Hartmann Schedel

(1440 - 1514)

A physician, an important Humanist, and book collector. Schedel’s comprehensive library, one of the largest personal libraries in late medieval Europe, eventually contained over three hundred manuscripts, and several hundred printed books. first came into the possession of Johan Jacob Fugger, of the Augsburg family of bankers, and patron of the “Fugger Binder”, in 1552, and was afterwards obtained by Duke Albert V of Bavaria (1550-1579) for the ducal, now royal, library at Munich.

However, Schedel is best known as the compiler of the famous “Nuremberg Chronicle”, the Registrum huius operis libri cronicarum cum figuris et ymagibus ab inicio mundi (1493). This is an illustrated chronicle of the history of the world, from Creation to 1492. The book was printed and published by two other Nuremberg citizens, Sebald Schreyer and Sebasitian Kammermeister, and illustrated by Wilmelm Pleydenwurff and Michael Wolgemut.

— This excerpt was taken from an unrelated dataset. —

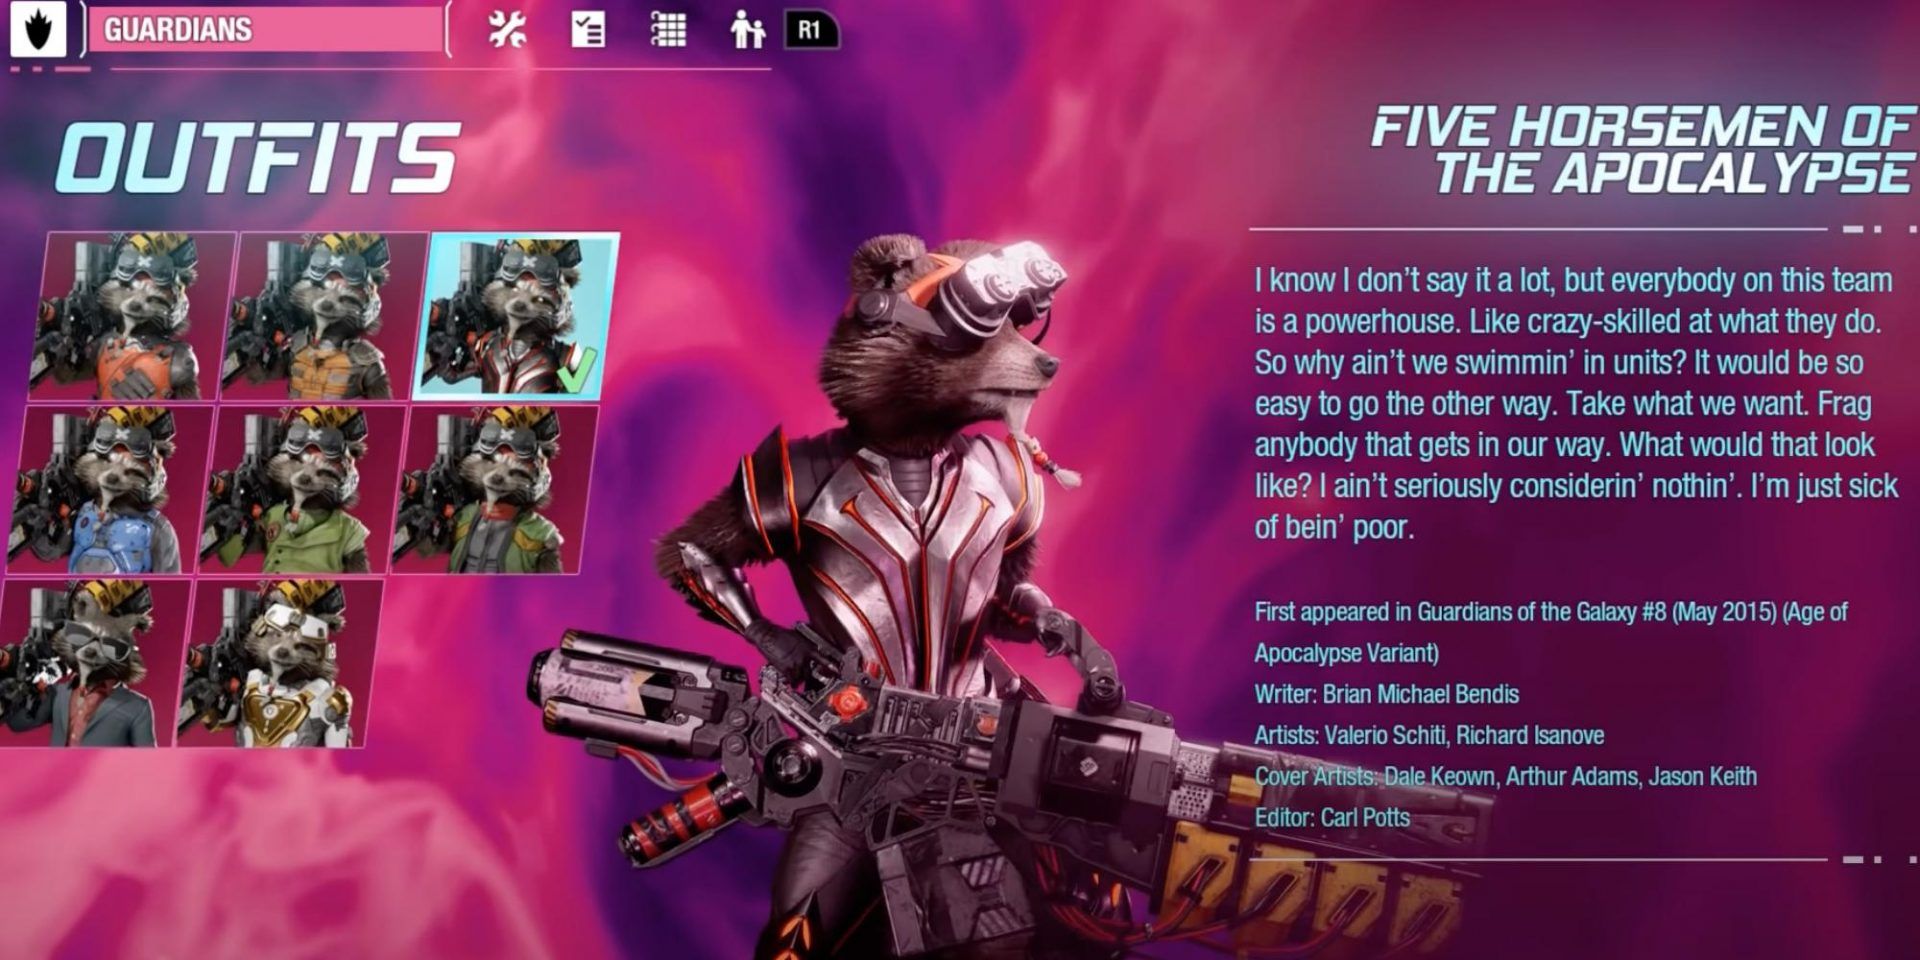 Marvel's Guardians of the Galaxy Rocket Apocalypse Horsemen Outfit

Educated at Leipzig University from 1456 – 1460, Schedel initially pursued a legal career, while simultaneously taking instruction from humanistic Pieter Luder. He followed Luder to Padua in 1463, where he changed tack, and pursued medicine. In 1472, he became a physician working in Bavaria. By 1481, he was at Nuremberg where he remained until his death.